Par René DOKOU, le 24 Octobre 2025
(IMPARTIAL ACTU)- Hier encore, se soigner au Togo relevait du parcours du combattant. Les infrastructures insuffisantes, le manque de personnel qualifié et l’inégalité d’accès aux soins faisaient du droit à la santé un privilège pour certains. Mais depuis quelques années, la donne change. Grâce à une volonté politique affirmée et à une planification rigoureuse, le pays se dote peu à peu d’un système de santé plus solide, plus inclusif et plus résilient.
Au cœur de cette mutation se trouve le Plan national de développement sanitaire (PNDS), un outil stratégique mis en œuvre par le gouvernement pour transformer en profondeur le secteur. Ce plan, d’un coût total de 1 065,666 milliards de francs CFA sur plusieurs années, vise à améliorer la qualité des soins, renforcer les infrastructures et garantir une couverture équitable à l’ensemble de la population.
Un plan structuré et ambitieux
Doté d’un budget annuel de 213,133 milliards de francs CFA, le PNDS s’articule autour de plusieurs priorités : renforcer les capacités du personnel médical, améliorer la gouvernance sanitaire et assurer la prise en charge de groupes vulnérables – mères, enfants, adolescents et personnes âgées. Il ambitionne également de doter le pays d’un système capable de répondre efficacement aux urgences de santé publique, notamment aux épidémies, tout en réduisant les inégalités territoriales.
Le plan ne se limite pas à la construction d’infrastructures ; il agit aussi sur les déterminants sociaux et environnementaux de la santé. Objectif : bâtir un système de santé résilient, durable et à la portée de tous.
Des résultats tangibles
Les effets des réformes commencent déjà à se faire sentir. Selon les chiffres officiels, le taux d’accessibilité aux soins est passé de 71 % en 2020 à 90,7 % en 2023. Une progression significative, soutenue par plusieurs programmes phares, dont le programme Wezou, qui offre une prise en charge gratuite ou subventionnée aux femmes enceintes et aux nouveau-nés.

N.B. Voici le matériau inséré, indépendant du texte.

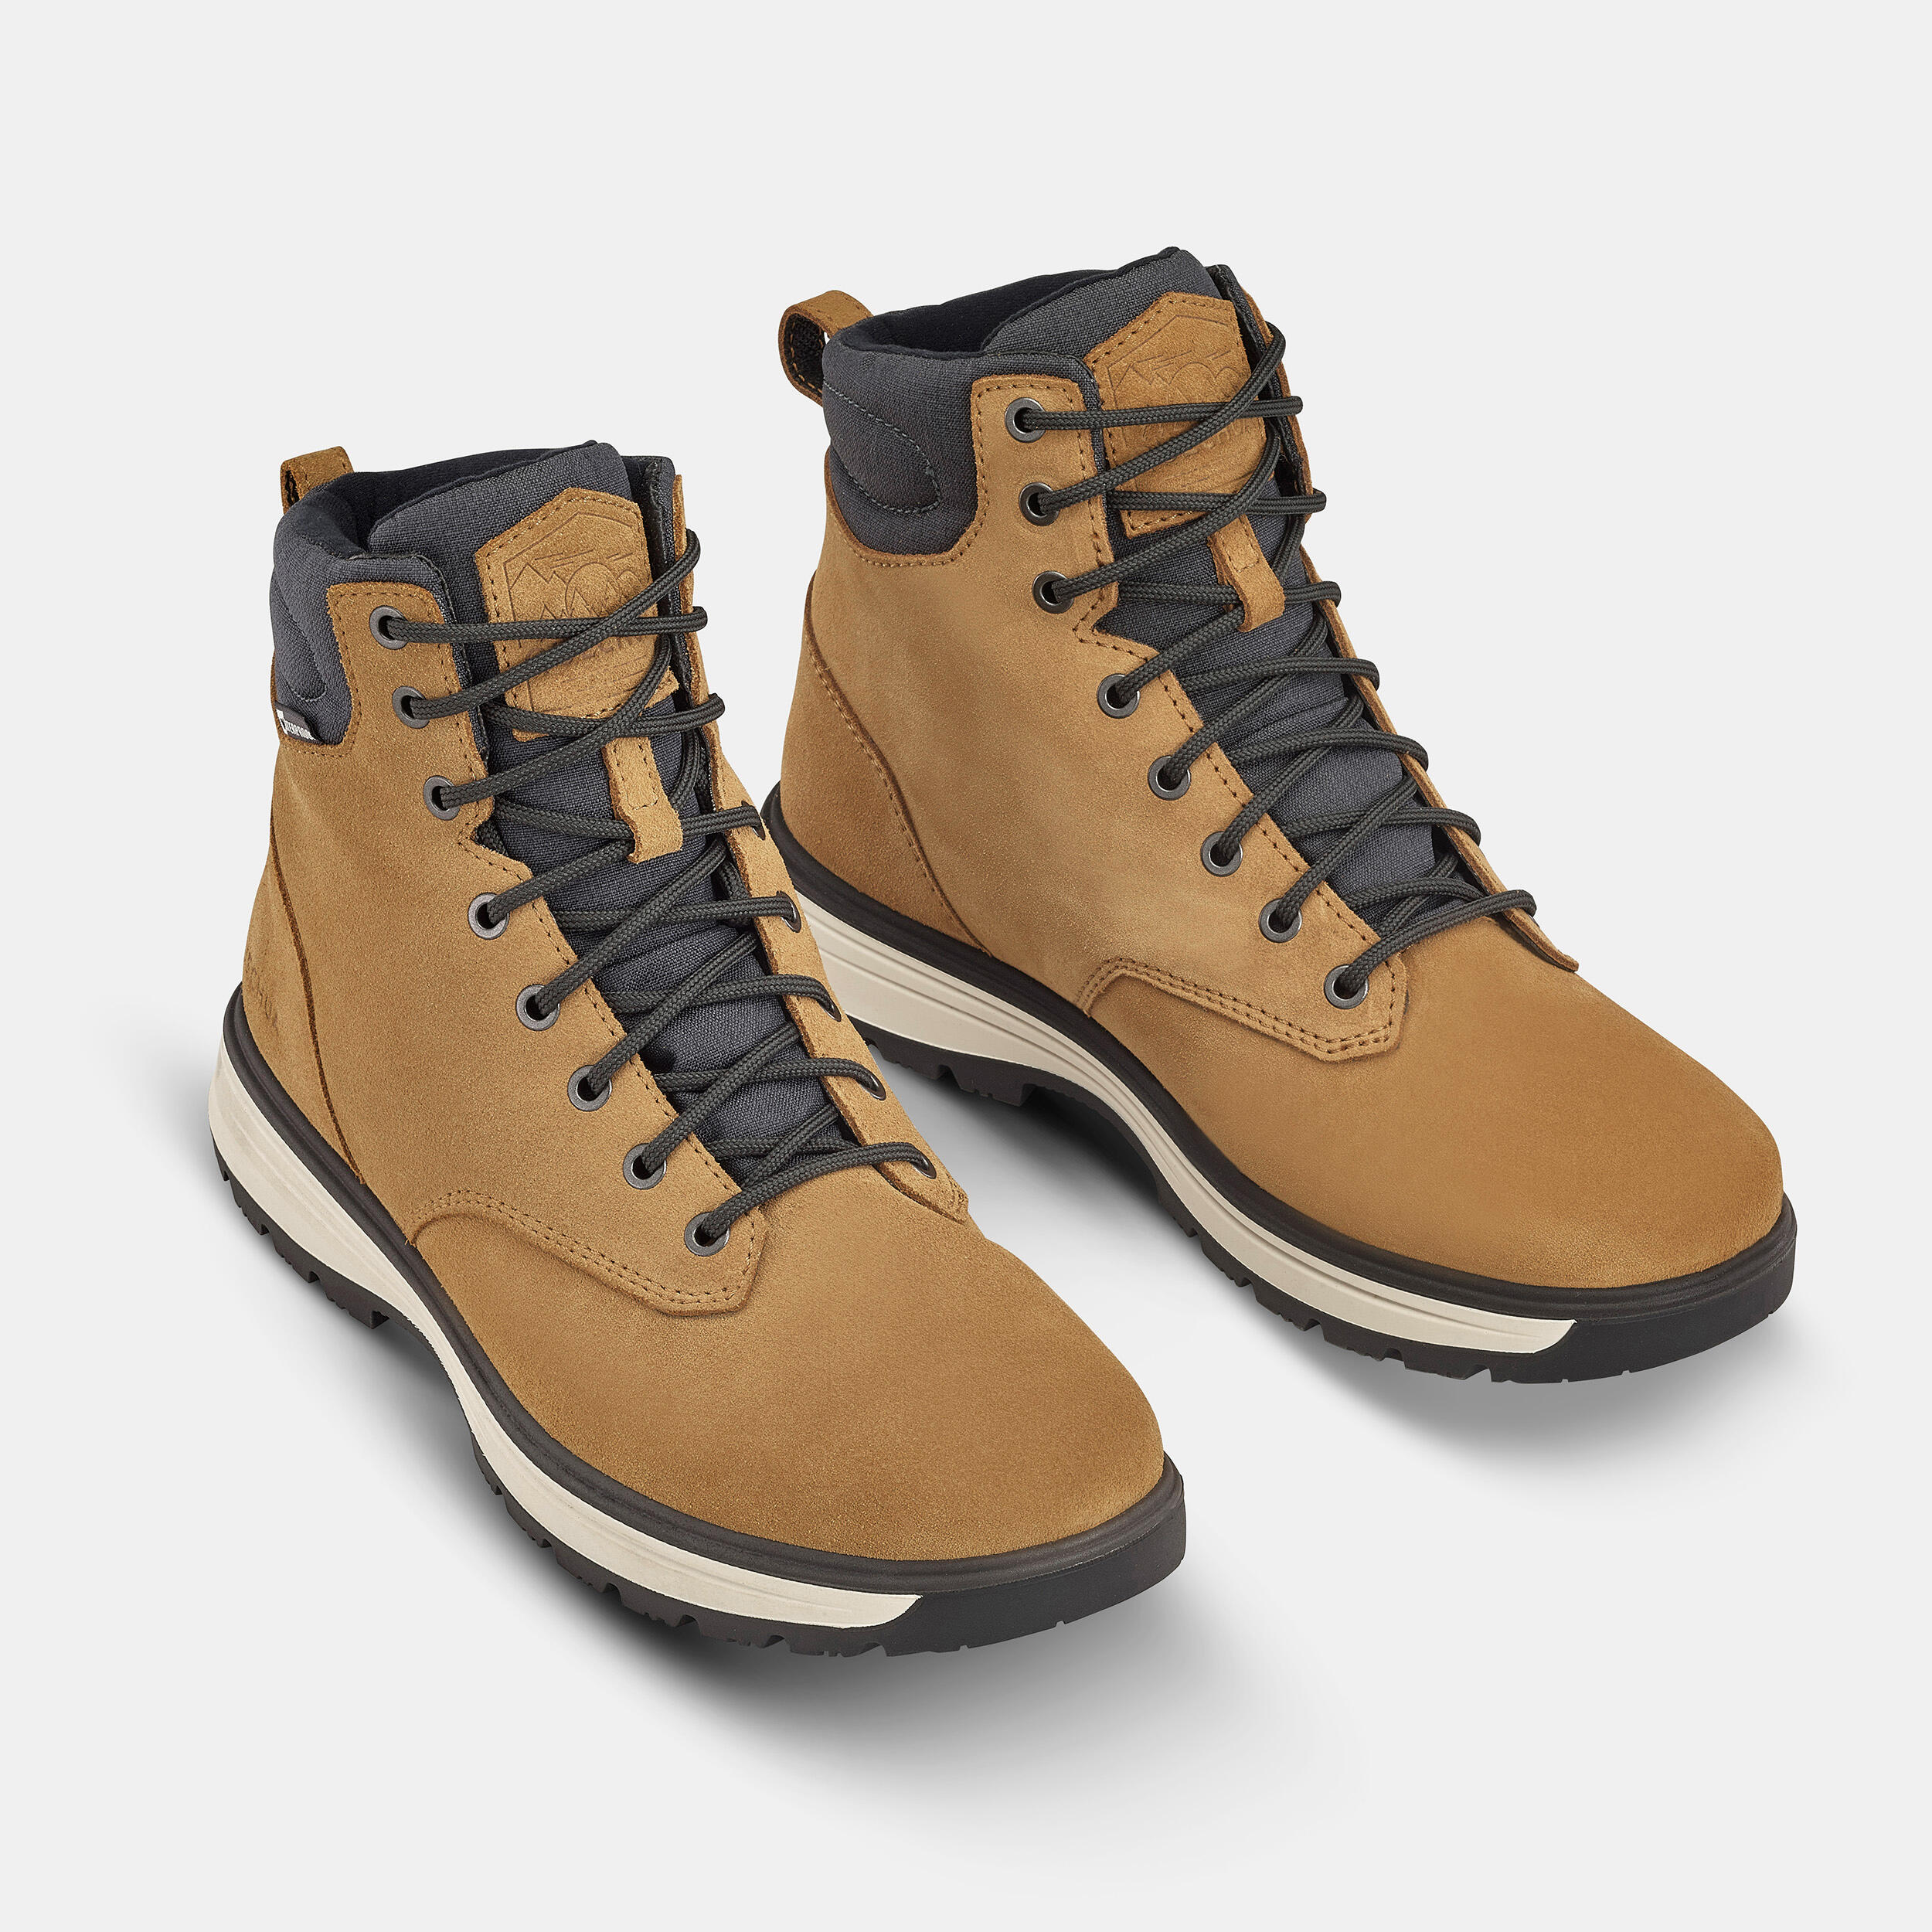 Men’s Waterproof Winter Boots - SH 500 - Dark cinnamon - Quechua ...

Entre 2021 et 2024, plus de 600 000 bénéficiaires ont été recensés, totalisant 3,2 millions de prestations dans le cadre de ces initiatives. La santé maternelle et infantile, longtemps négligée, devient ainsi un pilier central des politiques publiques.
Des infrastructures modernisées
Pour soutenir cette dynamique, le gouvernement a engagé 40 milliards de francs CFA dans la construction et la réhabilitation des infrastructures sanitaires. 86 nouveaux bâtiments ont été érigés et 60 autres rénovés à travers le pays. À cela s’ajoute la construction de six hôpitaux mère-enfant, dont trois déjà opérationnels.
L’un des symboles forts de cette modernisation est sans conteste l’hôpital Dogta-Lafiè, inauguré à Agoè-Nyivé en 2023. Premier hôpital de référence du pays, il offre 160 lits, un plateau technique de pointe et a accueilli près de 80 000 patients dès sa première année d’ouverture. Ce centre incarne la nouvelle vision d’un système de santé togolais tourné vers la qualité et l’efficacité.
Des défis encore présents
Cependant, tout n’est pas gagné. Les zones rurales restent en retrait, avec des infrastructures parfois vétustes et un manque de personnel médical qualifié. Le PNDS entend combler ces écarts d’ici 2027, en investissant davantage dans l’équipement des centres périphériques et la formation du personnel.
Le défi est aussi financier : maintenir le rythme des investissements dans un contexte économique mondial incertain. Mais pour les autorités, l’enjeu en vaut la peine.
Un avenir plus serein pour la santé togolaise
En misant sur la planification, la modernisation et la proximité, le Togo trace la voie vers un système de santé plus juste et plus performant. Les progrès sont déjà visibles, et si la trajectoire se maintient, le pays pourrait bientôt offrir à chaque citoyen, où qu’il vive, la garantie d’un accès équitable à des soins de qualité.
Là où hier régnaient le doute et les difficultés, se dessine aujourd’hui une promesse : celle d’un Togo en meilleure santé, confiant en son avenir.